Эта психология более или менее чужда людям нового времени. По-видимому, 18 век сделал ее невозможной. Много легенд, связанных со смертью героев, знает Великая Французская революция или плутарховская эпопея Народной Воли, но характер этих легенд все же совершенно другой. Не такие мотивы звучали в Conciergerie{80} на прощальном ужине жирондистов, не так писали и говорили перед казнью Дантон и Демулен, Желябов и Валериан Осинский. Какая-то струна в аккорде веры, очевидно, порвалась за четыре столетия.

К фанатизму мучеников средневековья примешивался и личный интерес: вера обещала им за гробом райскую счастливую жизнь. У нынешних апостолов нет такой надежды. Их вера поэтому чище, но, с другой стороны, и слабее. Нынешние же события могут печально отразиться и на будущем гуманитарного идеализма. Четыре пережитых нами года стоят веков и было бы удивительно, если б аккорд веры не стал неизмеримо беднее после всего, что произошло. Костры погасли и, должно быть, не возродятся. Виселицы пока уцелели, но, быть может, когда-либо исчезнут, — хотя по нынешним временам это и не слишком вероятно. Будут ли, однако, появляться кандидаты на костер и виселицу? Так ли достоверно, будто психология самопожертвования неотъемлема от природы человека? Старик Монтень, правда, в свое время уверял, что нет такой глупости, ради которой homo sapiens не был бы способен сломать себе шею. Вдруг, однако, homo sapiens впредь откажется ломать себе шею даже ради самых серьезных дел?

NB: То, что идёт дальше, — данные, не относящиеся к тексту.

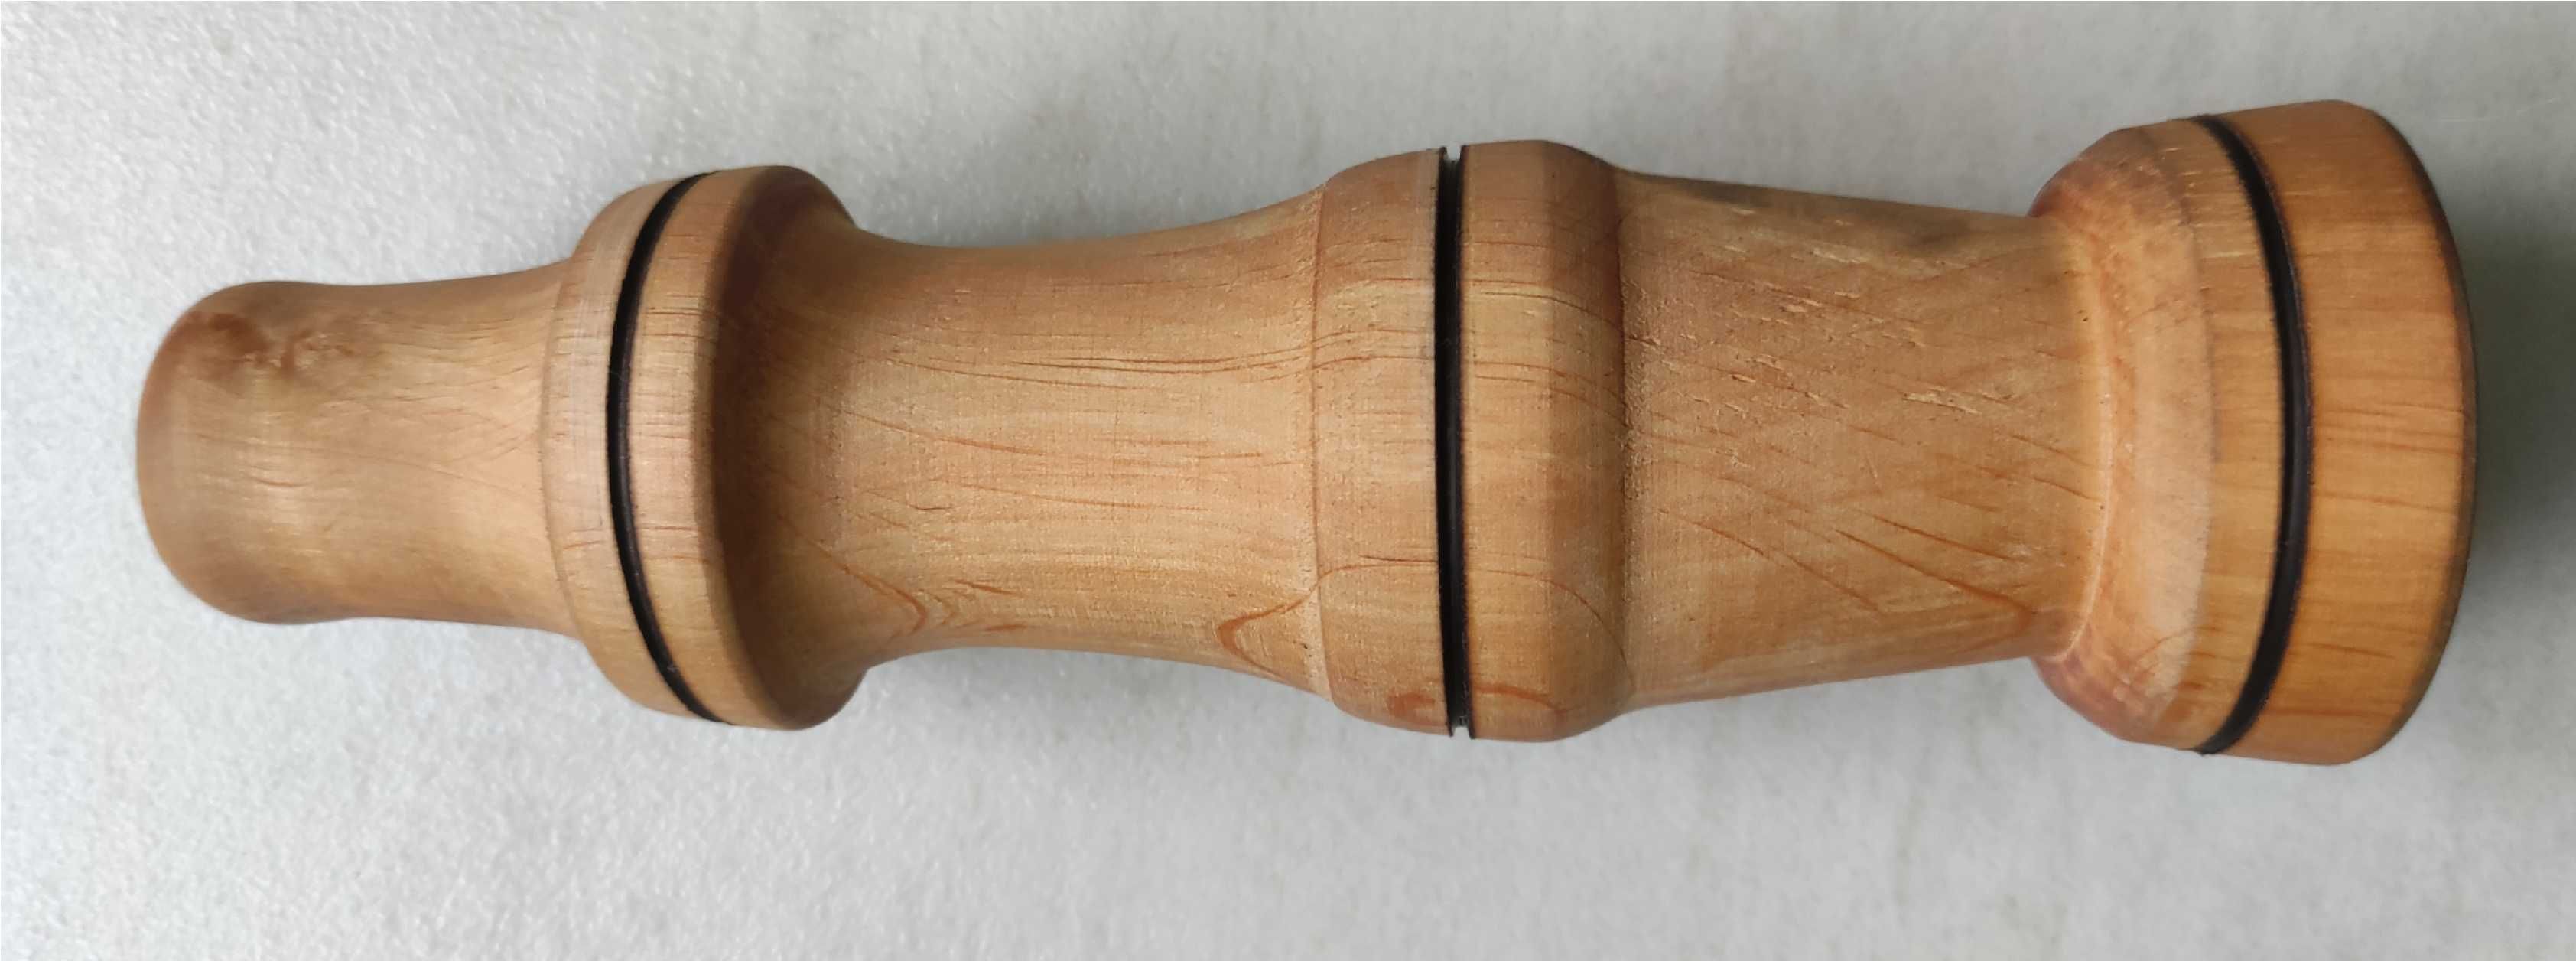 Świecznik wykonany z drewna olchowego - wysokość 21,5 cm
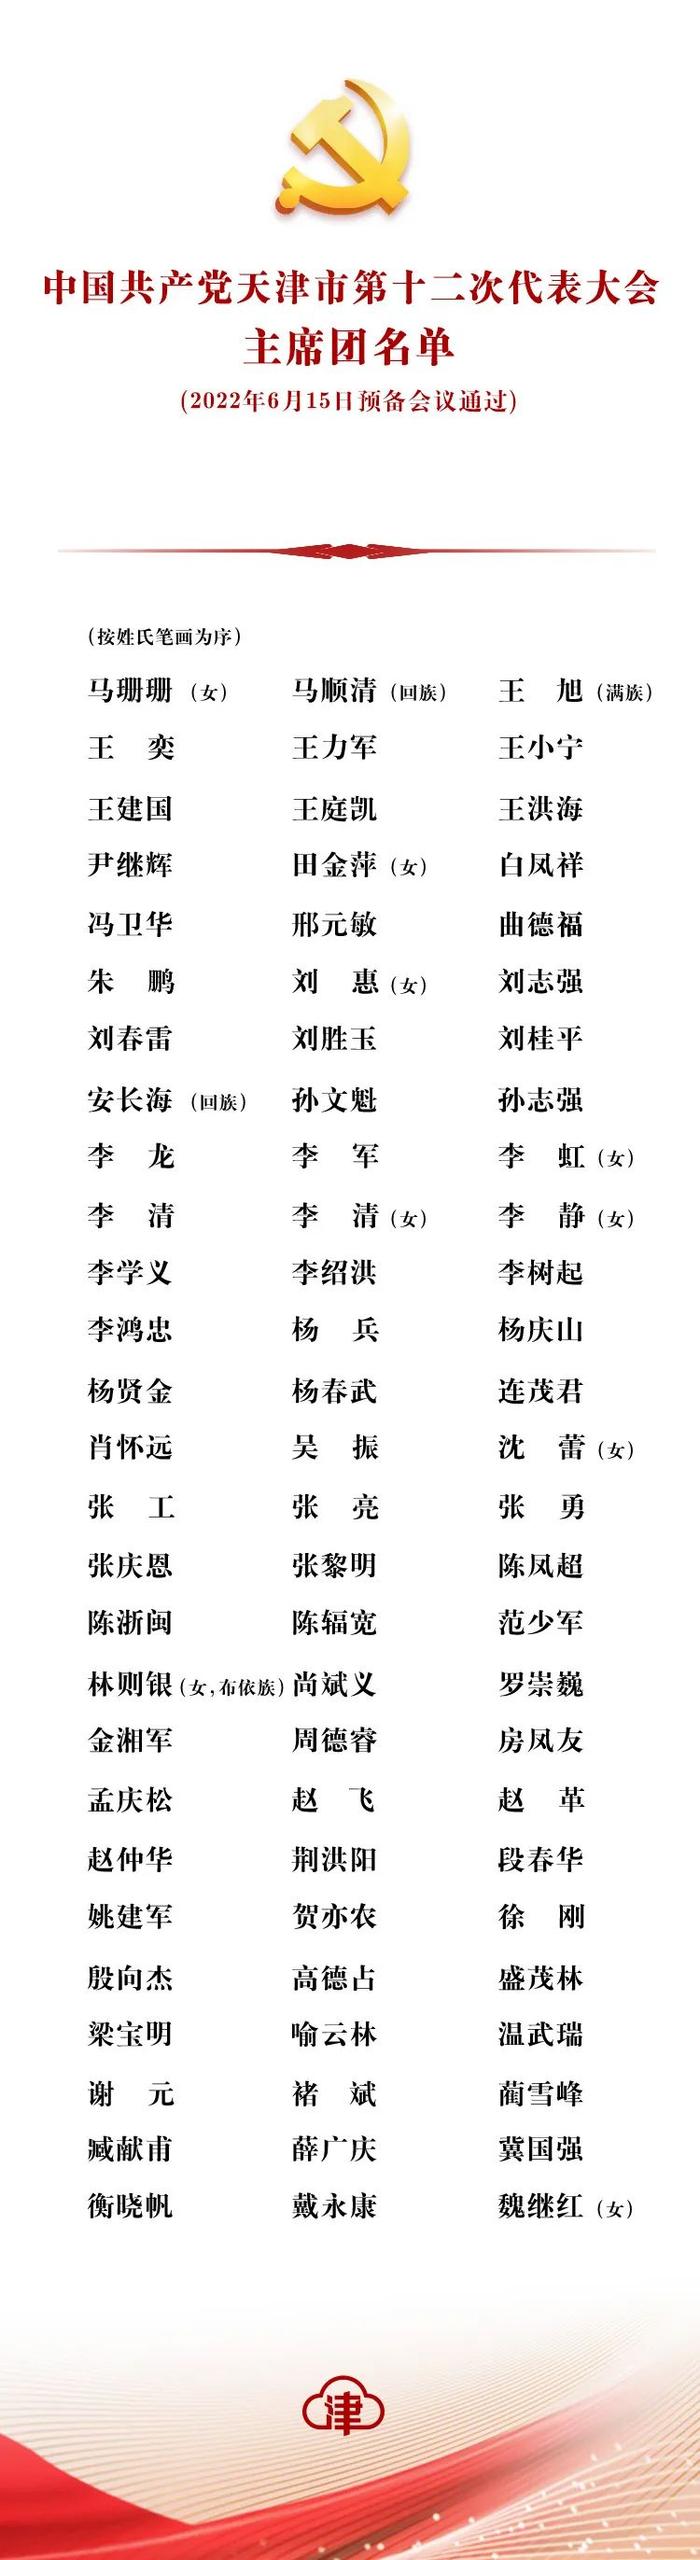 时政 | 中国共产党天津市第十二次代表大会主席团、主席团常务委员会、秘书长、副秘书长、代表资格审查委员会名单

Иное дело — ломать шею другим.

На тему: из Назарета может ли быть что доброе? Мыслителем русского старого строя считался К.П. Победоносцев, человек большого практического ума, но совершенно ничтожный компилятор реакционных теорий, умевший черпать политическую мудрость из самых неожиданных источников. Его критика «великой лжи нашего времени», — парламентаризма и прессы («Московский сборник») — представляет собой буквальное воспроизведение «Парадоксов» Макса Нордау без малейшего указания на источник. Заимствовать для официозного издания, выходящего под фирмой обер-прокурора Св. Синода, целые страницы из произведений главы сионистов, добавить от себя к мыслям еврея приличную дозу антисемитизма и пустить парадоксы венского фельетониста в качестве руководящих наставлений для православных священников, — этот трюк был как раз во вкусе Великого Инквизитора.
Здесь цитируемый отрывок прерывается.